Omit the pictures and reproduce the rest of the listing exactly.

(Dataset extract)

+ + + + + + +

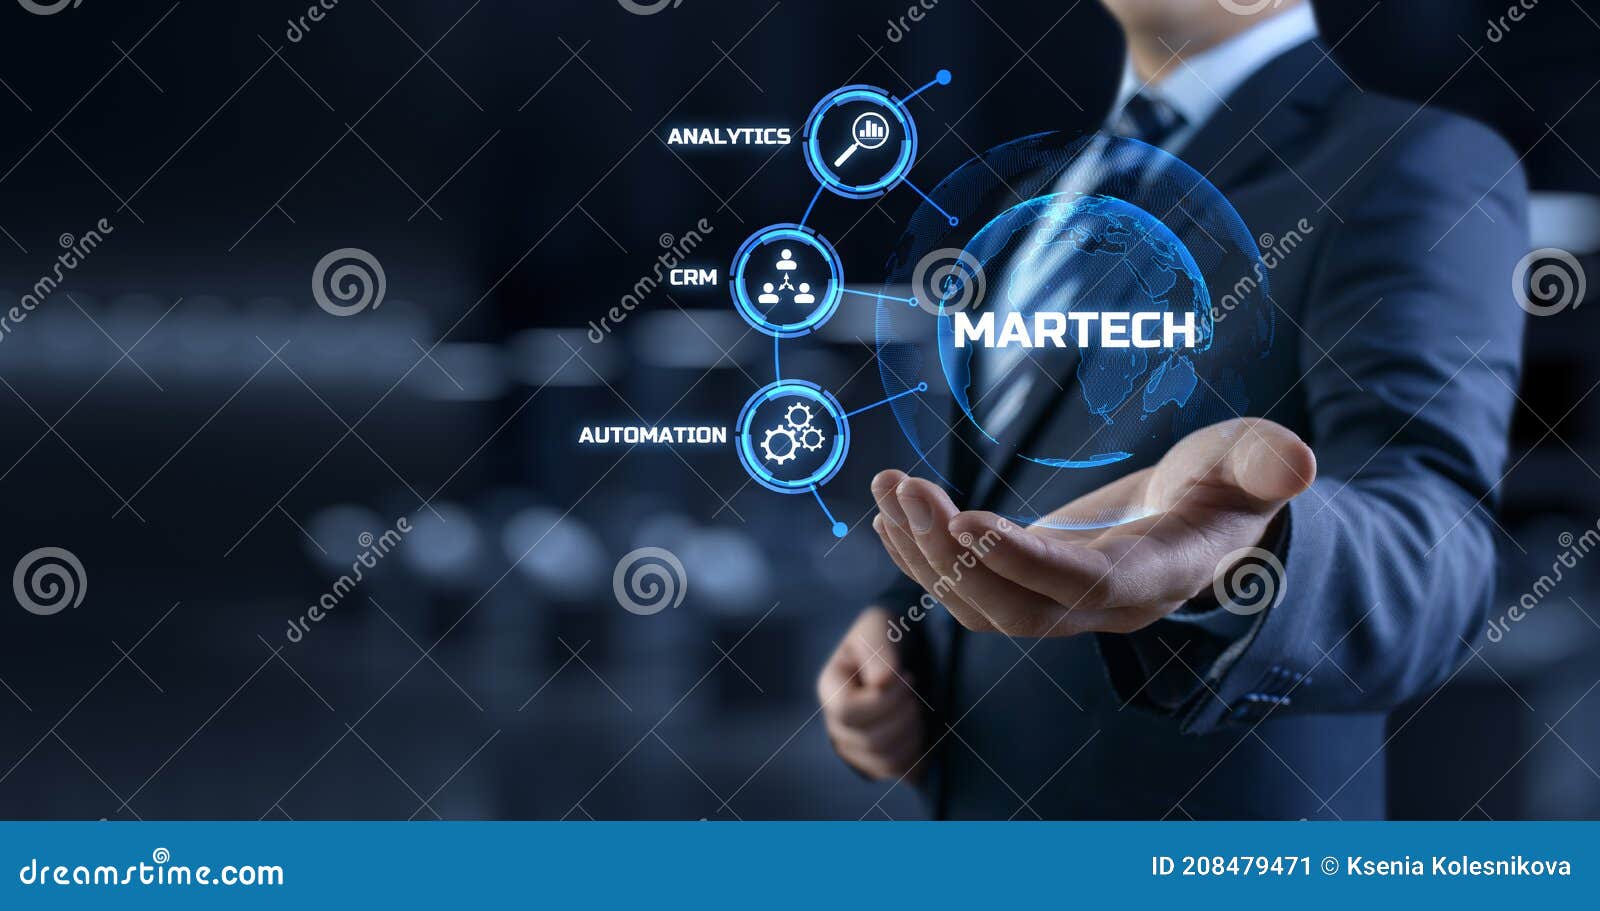 martech marketing technology concept on virtual screen interface.
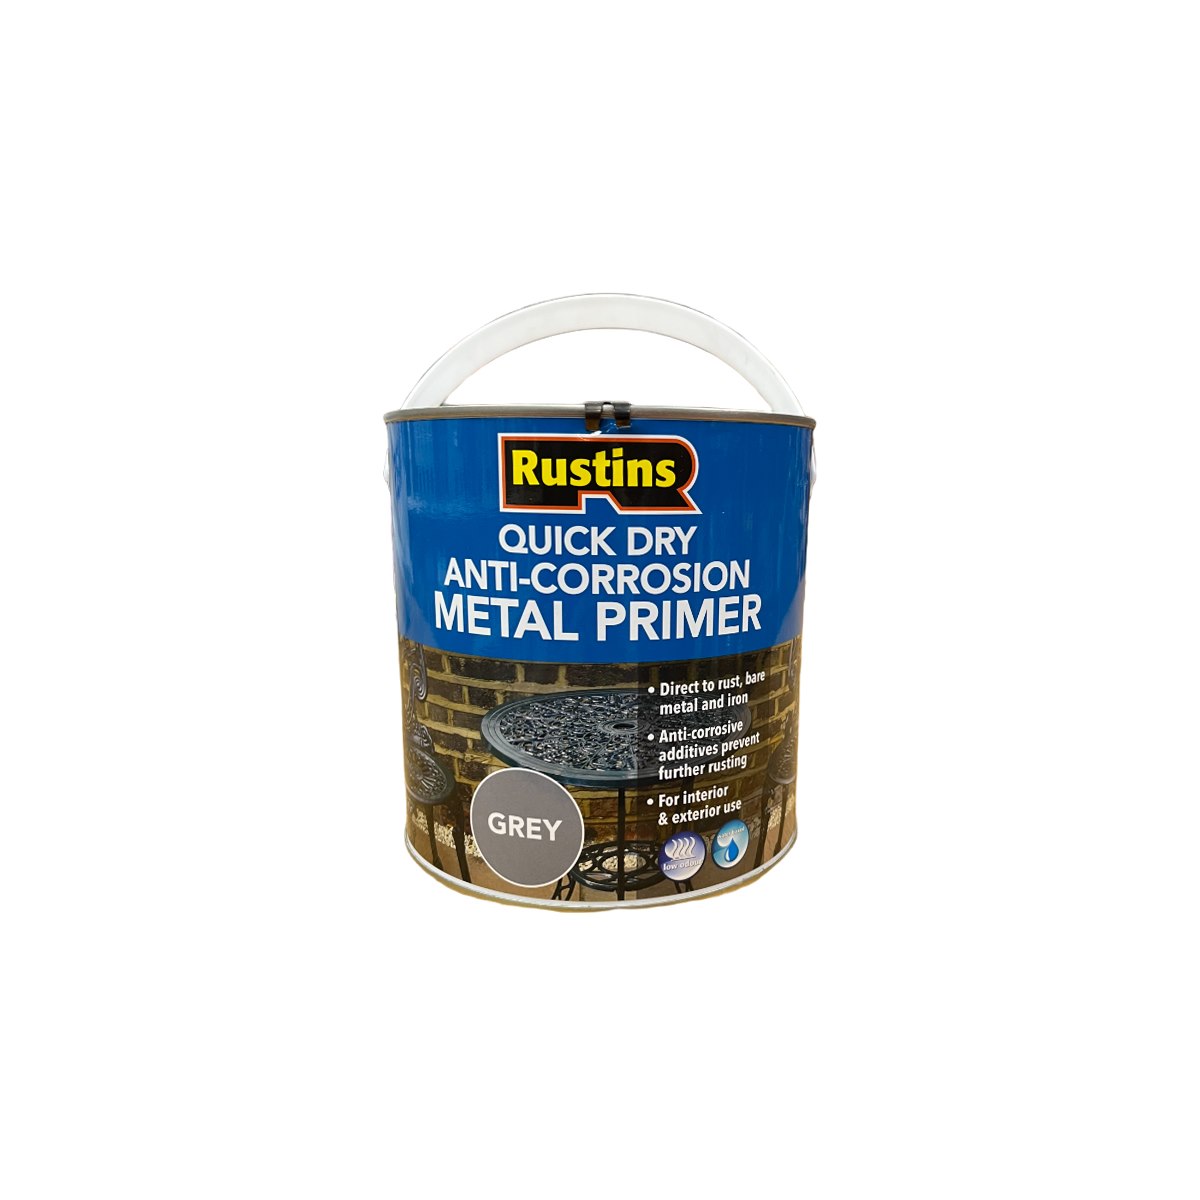 Rustins Quick Dry Anti-Corrosion Metal Primer Grey 2.5 Litre
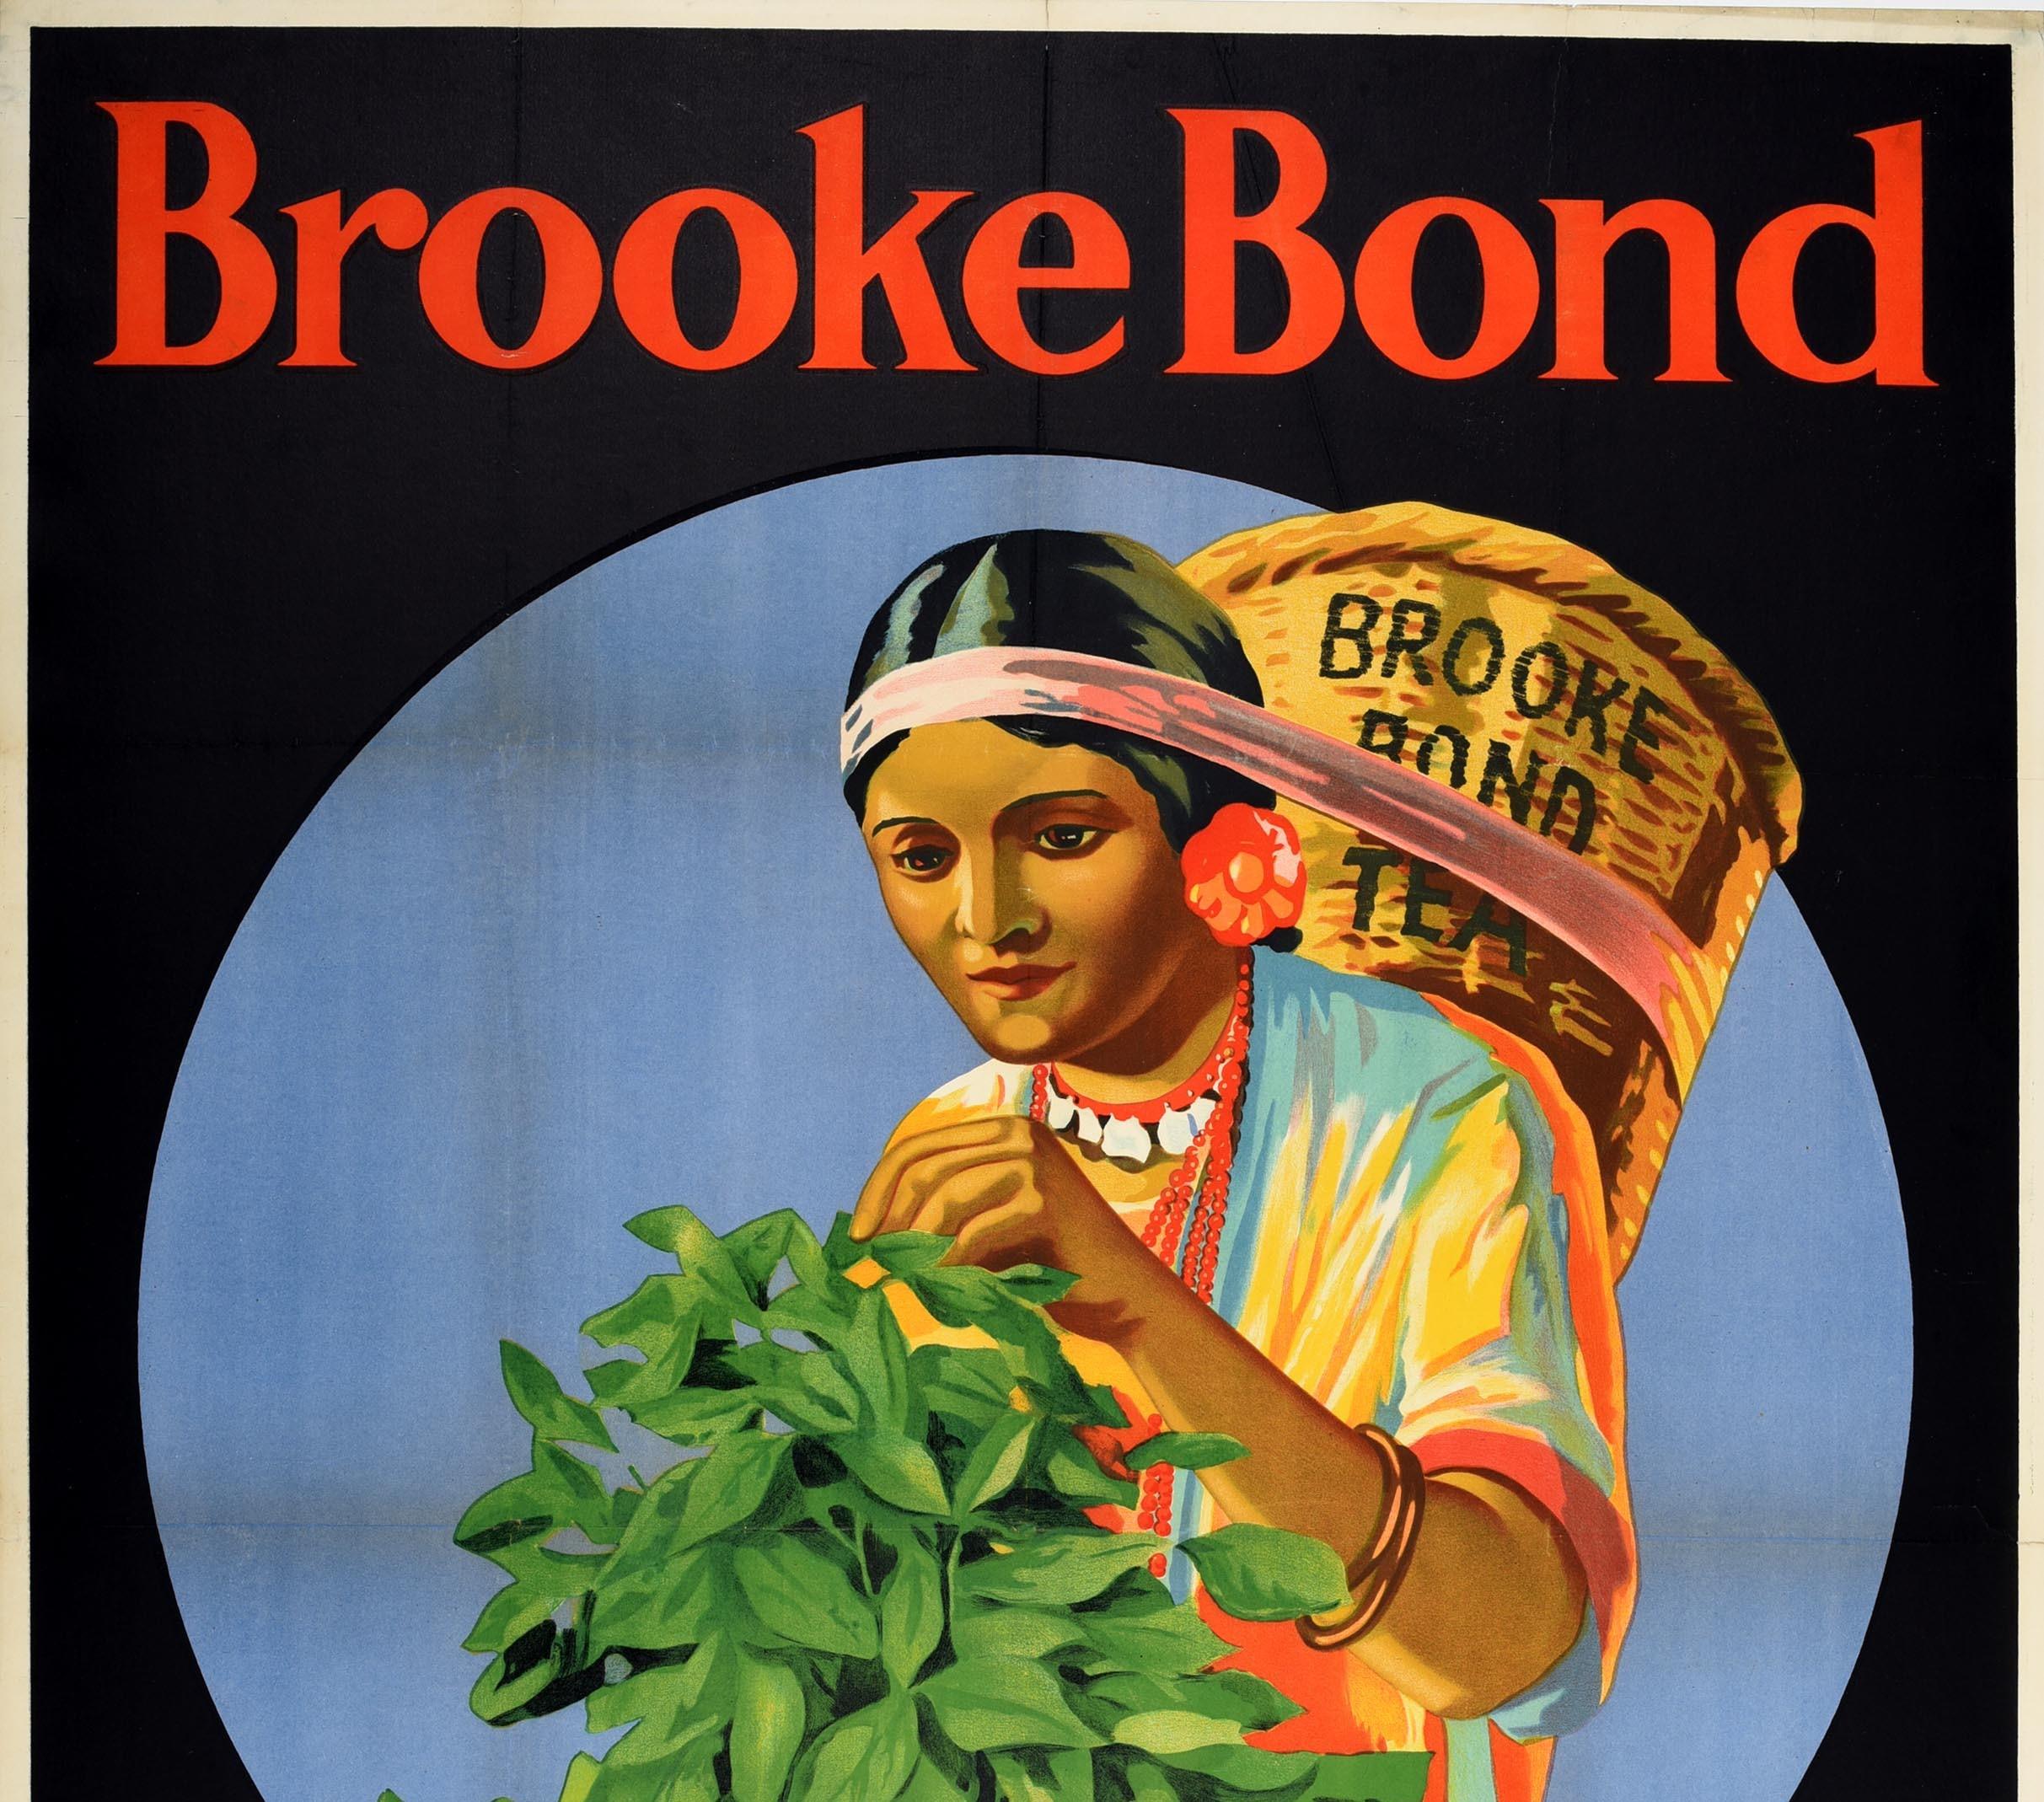 Original Vintage Drink Advertising Poster Brooke Bond Edglets Tea Picker Design - Print by Unknown

+ + + + + + +

(Completed exercise)
 martech marketing technology concept on virtual screen interface.
 Rustins Quick Dry Anti-Corrosion Metal Primer Grey 2.5 Litre
 Original Vintage Drink Advertising Poster Brooke Bond Edglets Tea Picker Design - Print by Unknown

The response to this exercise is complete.